Lately I’ve been testing sequence data, doing 50 append operations in a row. I’d expect each append to take about the same time, but they gradually get slower, so I’ve been looking into it to try and understand why.
Logs for the data used in this post are available for the nodes and client.
This is the overall process for all 50 uploads. The time from first append to last append was about 2 minutes.
The timeline shows nodes top-to-bottom, genesis node at the top, node 11 at the bottom. Time runs left-to-right. Each dot corresponds to a log message.
The first append takes 227ms, the 50th takes 1220ms. What’s causing the slowdown? Each append takes about 20ms longer than the last (with some significant variation but the trend of increasing time is definitely there).
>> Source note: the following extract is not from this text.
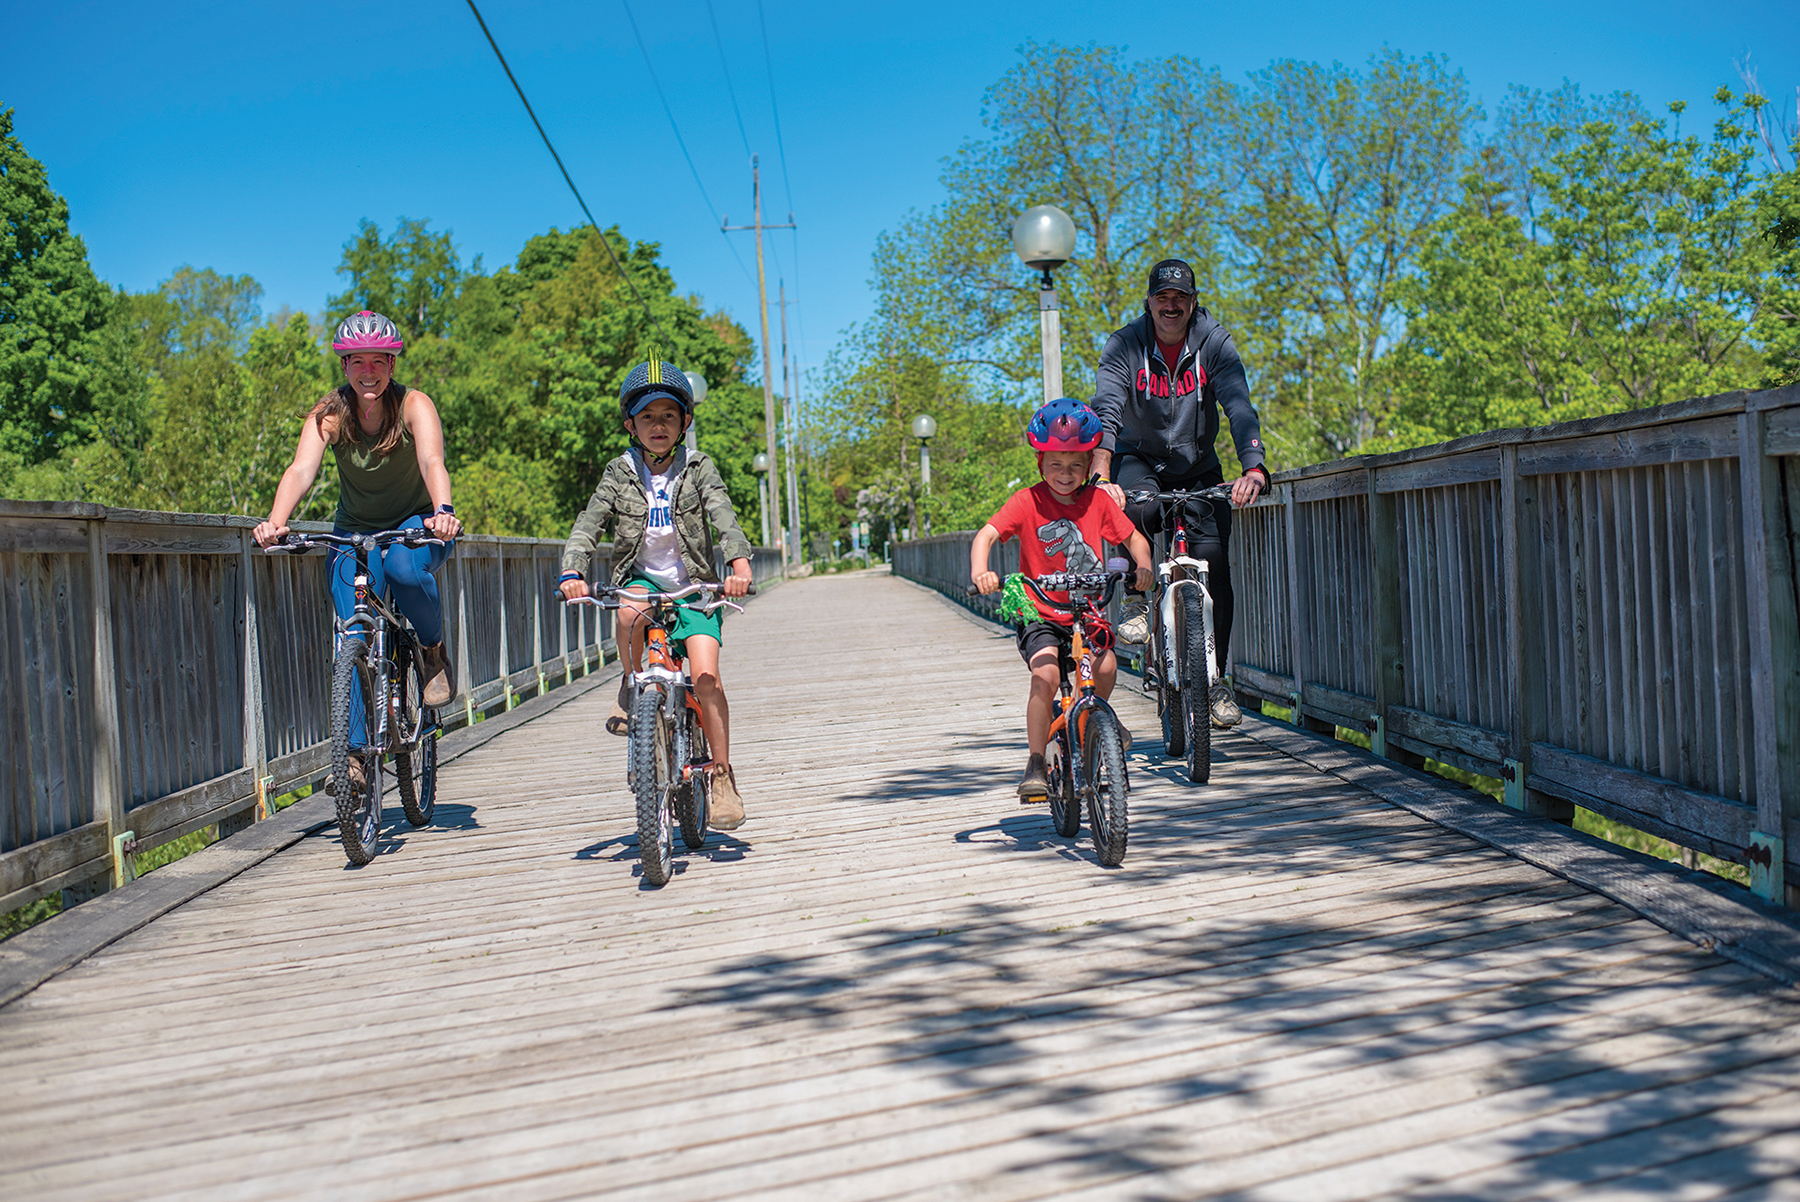 he McDonald Family – Jen, Kent, Cooper and Mason – have some well-deserved treats from the Thornbury Bakery Café after a ride along the wooden bridge that crosses the Beaver River in Thornbury.

The first append takes 227ms:
Adding in the client connect / append_start / append_end timings shows how the client timing compares to the node timing:
Gaps between dots mean there’s no logs at that time, there’s either a) things happening there which aren’t logged or b) waiting for a response for an async function. This is level 3/5 for logging (info), if we displayed the most detailed level 5/5 logging (trace) it would probably be a continuous stream of log messages with no gaps.
The last append takes 1220ms:
Looking at the last appends from the client perspective, it seems like the time between connect and start_append becomes quite significant:
It looks like maybe the red node could be a factor in the slowdown (seen even more clearly in the full timeline), but that’s just a hunch to explore later.
Now we have ‘the vibe of the thing’ we can start to look into some details.
The append operation is a combined process involving various reading and payment and writing operations, but in this post I’m zooming in to look only at the very end of the process, where nodes actually write the data to their chunk store (about the last 5% of the overall time taken to do an append, so it’s probably not significant for the overall append time, but within itself there are significant aspects to look at).
Nodes take about 11.47 ms to do the write for an append operation (ie the time to run SequenceStorage.write).
In the chart below we can see that each write takes about the same time, there’s no gradual increase in the time taken to write chunks like was seen with the overall append operation. There’s some variation, but no increase.
SequenceStorage.chunks.put(&sequence)
(source) is taking 10.62ms of those 11.47ms, ie 93% of the work:
Within the chunks.put
function, the breakdown is
4.08ms for do_delete
(source)
3.62ms for used_space.increase
(source)
3.81ms for file.sync_all
(source).
These three calls account for 88% of the time taken to run chunks.put
:
The real surprise to me is updating the stats for used space taking 3.62ms. That’s a very long time. But it’s a surprisingly complex operation, see fn increase.
It looks like within do_delete
probably the call to used_space.decrease
is taking most of the time (probably 3.62 of 4.08 ms ie 89%), similar to used_space.increase
.
The file.sync_all
taking 3.81ms warrants a little exploring too…
The docs for sync_all: This function will attempt to ensure that all in-memory data reaches the filesystem before returning.
Sounds like sync_all
a feature worth keeping. I guess one day someone will compare the failure rate with/without and decide if it’s worth the extra work or not (removing sync is about 170x faster, see below).
Some further detailed discussion (and links) on sync_all in do we need to clarify the fsync close unixism.
use std::time::Instant;
use std::io::Write;
fn main() {
let start = Instant::now();
std::fs::File::create("data.txt").and_then(|mut file| {
file.write_all("my value".as_bytes()).expect("write failed");
file.sync_all()
}).expect("create failed");
println!("{:?}", start.elapsed().as_nanos());
}
// 4673048 nanoseconds
vs
use std::time::Instant;
use std::io::Write;
fn main() {
let start = Instant::now();
let mut file = std::fs::File::create("data.txt").expect("create failed");
file.write_all("my value".as_bytes()).expect("write failed");
println!("{:?}", start.elapsed().as_nanos());
}
// 27156 nanoseconds, 172x faster
Even though not syncing is so much faster, it seems like the added safety and data integrity is well worth it, especially at this stage of development, sync eliminates a potential thing that could go subtly wrong.
My hope is if we can find a more efficient way to manage the stats we should hopefully be able to bring this down from about ~12ms to ~4ms, which is a huge improvement (3x improvement). Still not much of dent in an overall 300ms append operation, but still a big saving for the particular section this post has been looking at.